An emergency meeting of energy ministers on Thursday showed only that the energy crisis tied to Russia’s war in Ukraine has split the 27-nation bloc into almost irreconcilable blocs.

A spike in natural gas prices in August stunned all but the wealthiest in the EU, forcing the bloc to seek a ceiling to rein in volatile prices that are fueling inflation. After several delays, energy ministers are back to trying to break the deadlock between countries demanding cheaper gas to ease household bills – including Greece, Spain , Belgium, France and Poland – and countries like Germany and the Netherlands are claiming price ceilings that can cut supplies.

A solution is nowhere near the horizon – to the chagrin of many.

The country’s energy minister, Anna Moskwa, said: “In Poland, the temperature is already minus 10 (Celsius) in Poland. “It’s winter now.”

Prices for electricity and natural gas have skyrocketed as Moscow cuts gas supplies to Europe used for heating, electricity and industrial processes. European officials accuse Russia of waging an energy war to punish EU countries that support Ukraine.

So finding an agreement not only brings warmth to the people, but also represents a united front with Russian President Vladimir Putin.

Negotiations have dragged on for months, and even when a summit of EU leaders announced some breakthroughs last month, nothing has actually been seen. Countries have been waiting for a proposal from the European Commission, the EU’s executive body, to set a price cap threshold, and when it arrived on Tuesday, there was frustration and accusations that it can never be done.

The commission sets thresholds for “safety ceilings” that come into effect if prices exceed 275 euros per megawatt-hour for two weeks and if they are 58 euros above the price of liquefied natural gas on the world market.

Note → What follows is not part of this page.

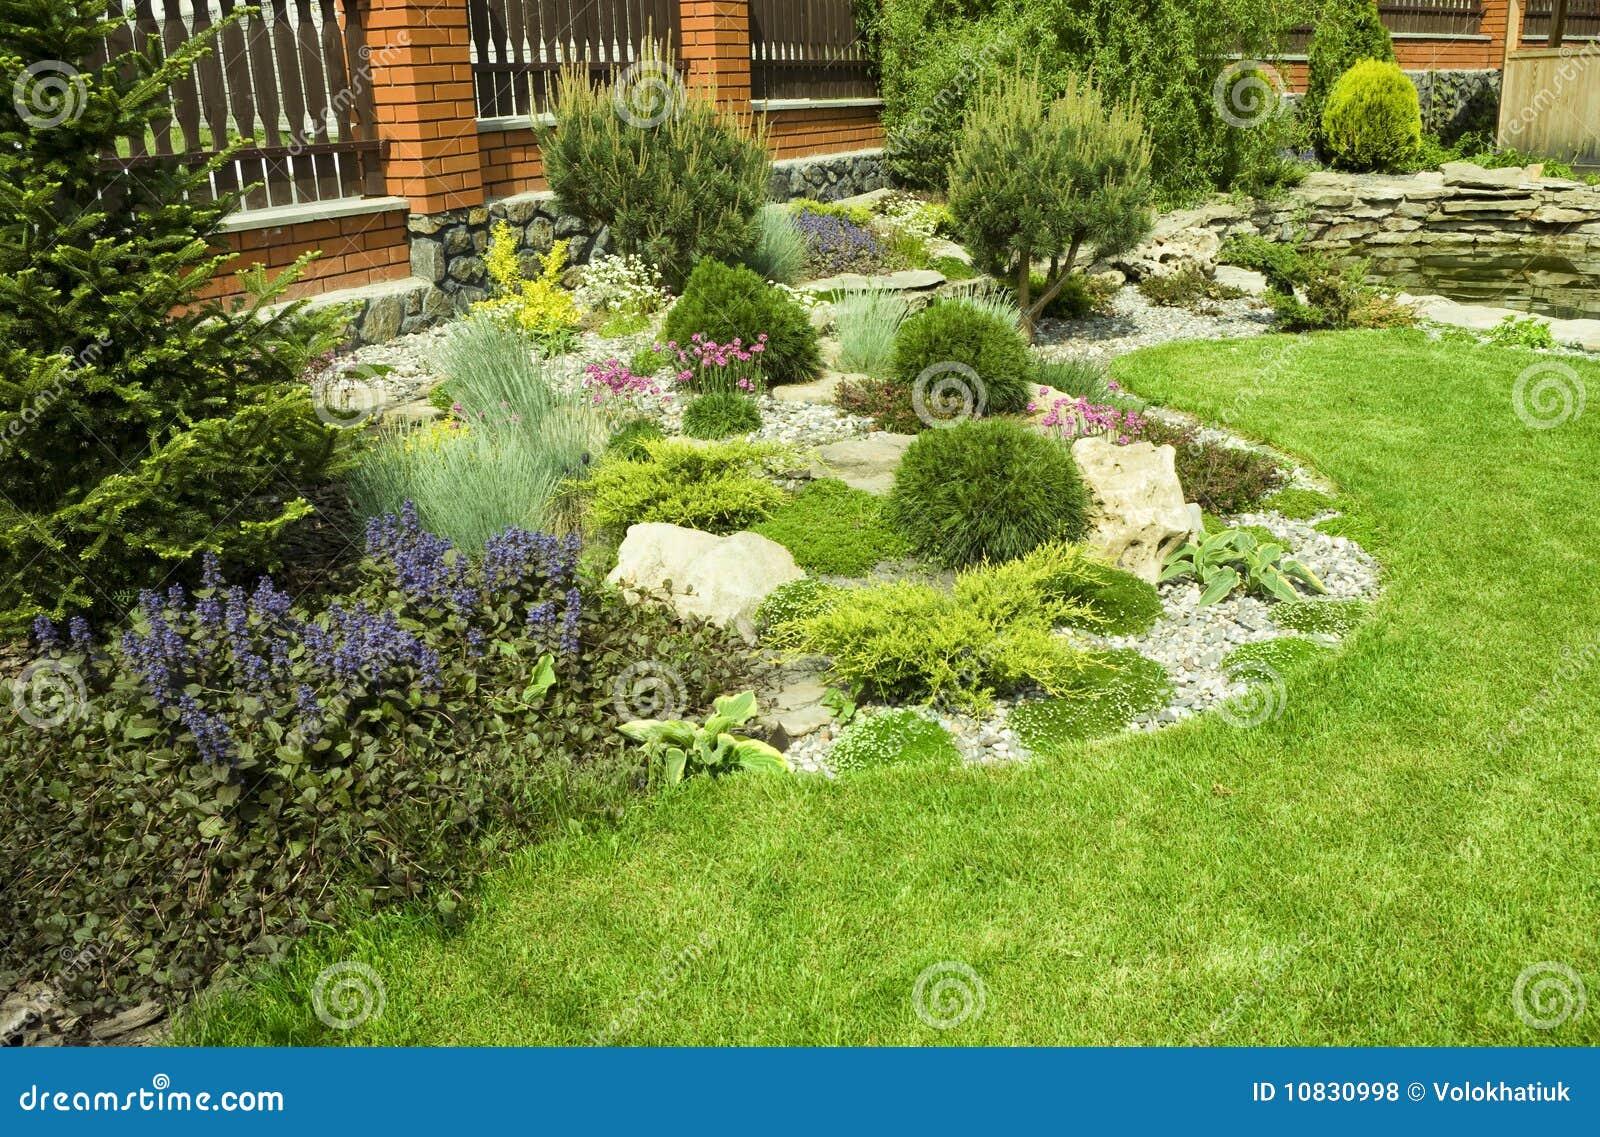 Botanical Garden Royalty Free Stock Photos Image 10830998
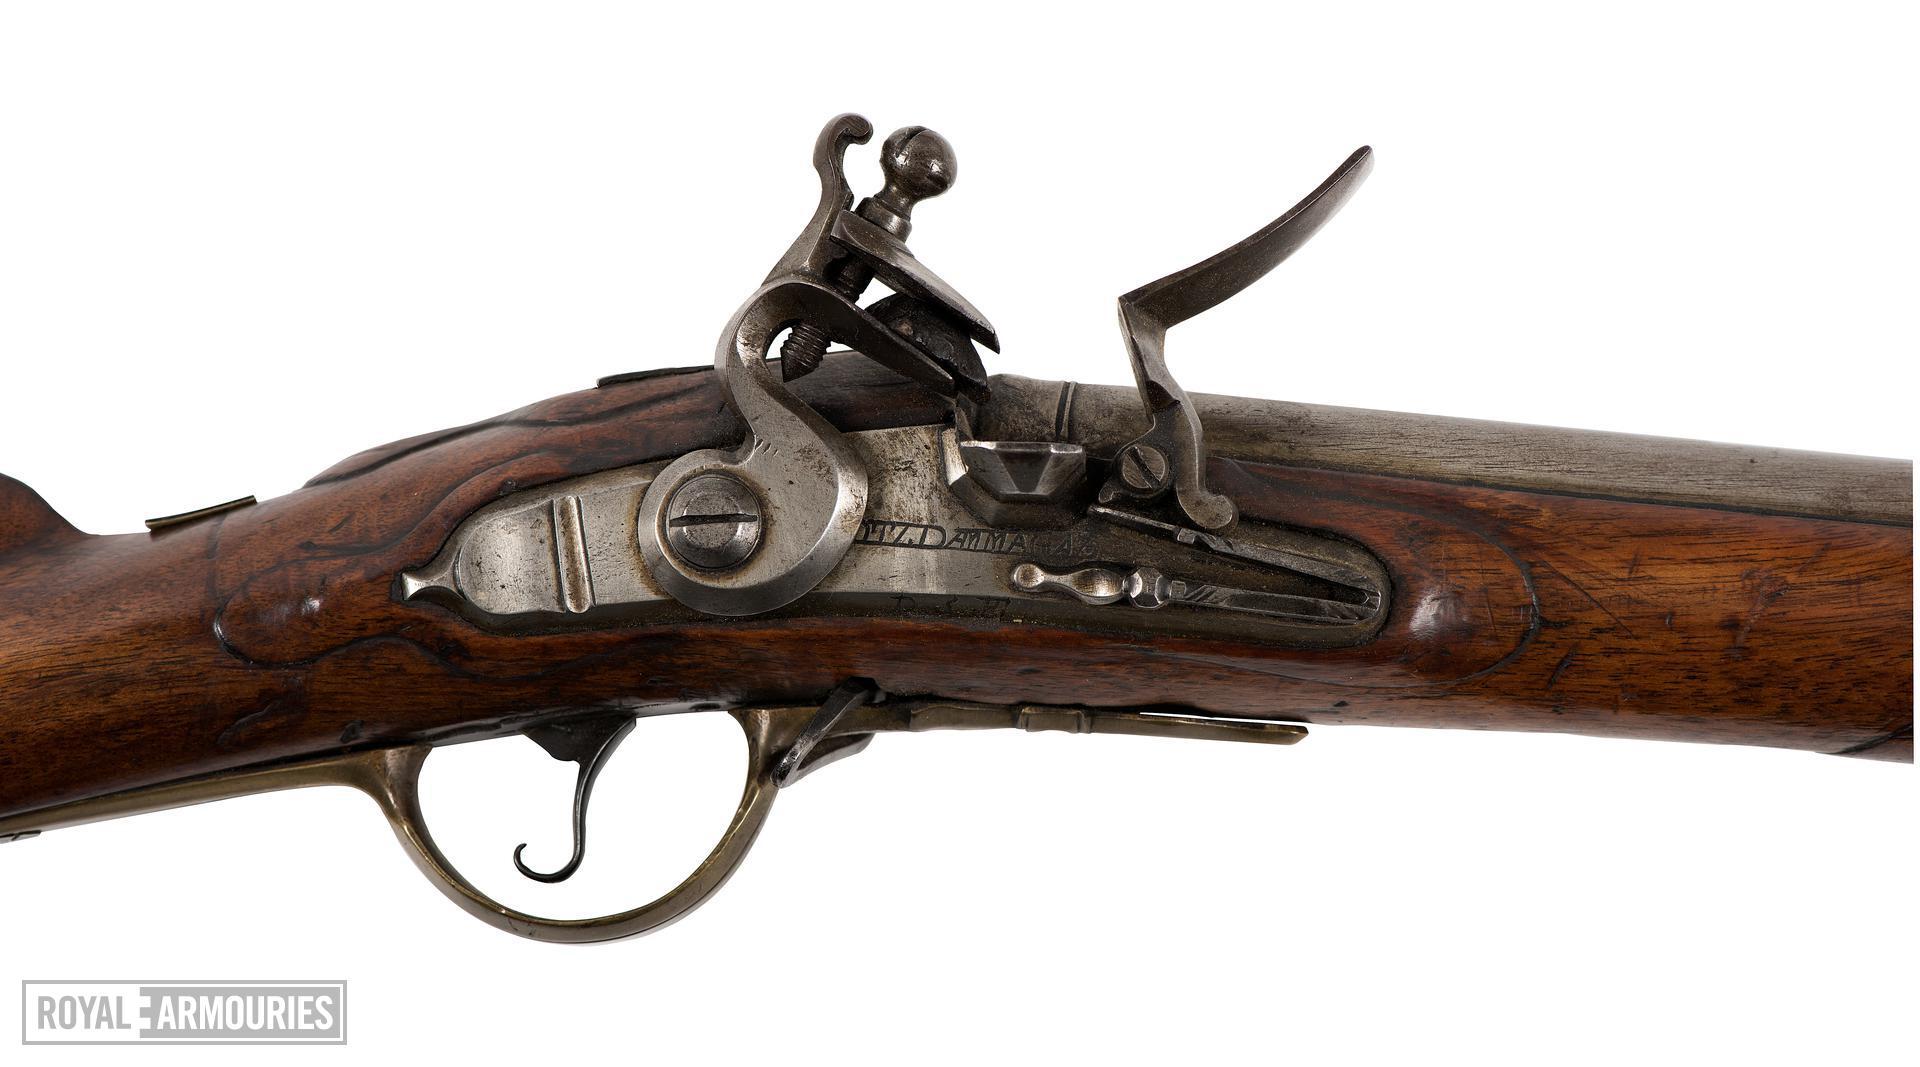 Flintlock muzzle-loading military rifle-musket - Fusillier Model 1787 (Modified in 1796)

In political terms, that means such a system may not even be able to prevent the high surges seen in August.

“Setting a ceiling at 275 euros is really not a ceiling,” said Greek Energy Minister Konstantinos Skrekas.

He added: “We are losing precious time with no results.

For comparison, prices stood at 125 euros per megawatt-hour on the European TTF benchmark on Thursday. As prices have fallen since their summer highs, diplomats say the urgency has eased somewhat, although it could rebound quickly if the weather is colder than usual and supplies are tight. rare.

About 15 countries are united around these views, but Germany and the Netherlands lead another group that wants to ensure that gas supply ships do not bypass Europe because they can get better prices there. other.

“Supply security is paramount. Europe must still be an attractive gas market,” said Estonian Economy Minister Riina Sikkut.

No decisive breakthrough is expected at Thursday’s meeting.

Czech Industry Minister Jozef Síkela, who chaired the emergency meeting, said he was well aware of the “emotional reactions” that the commission’s proposal had caused and predicted that the talks would be “quite a bit”. acrimonious”.

Due to trade disruptions related to Russia’s war in Ukraine, EU nations have reduced their total share of Russian natural gas imports to the EU from 40% before the invasion to about 7%. The gasoline warehouse has exceeded the target and is almost at full capacity.

The EU has relied on increasing imports of liquefied natural gas, or LNG, including from the United States, to help address the drop in Russian supply.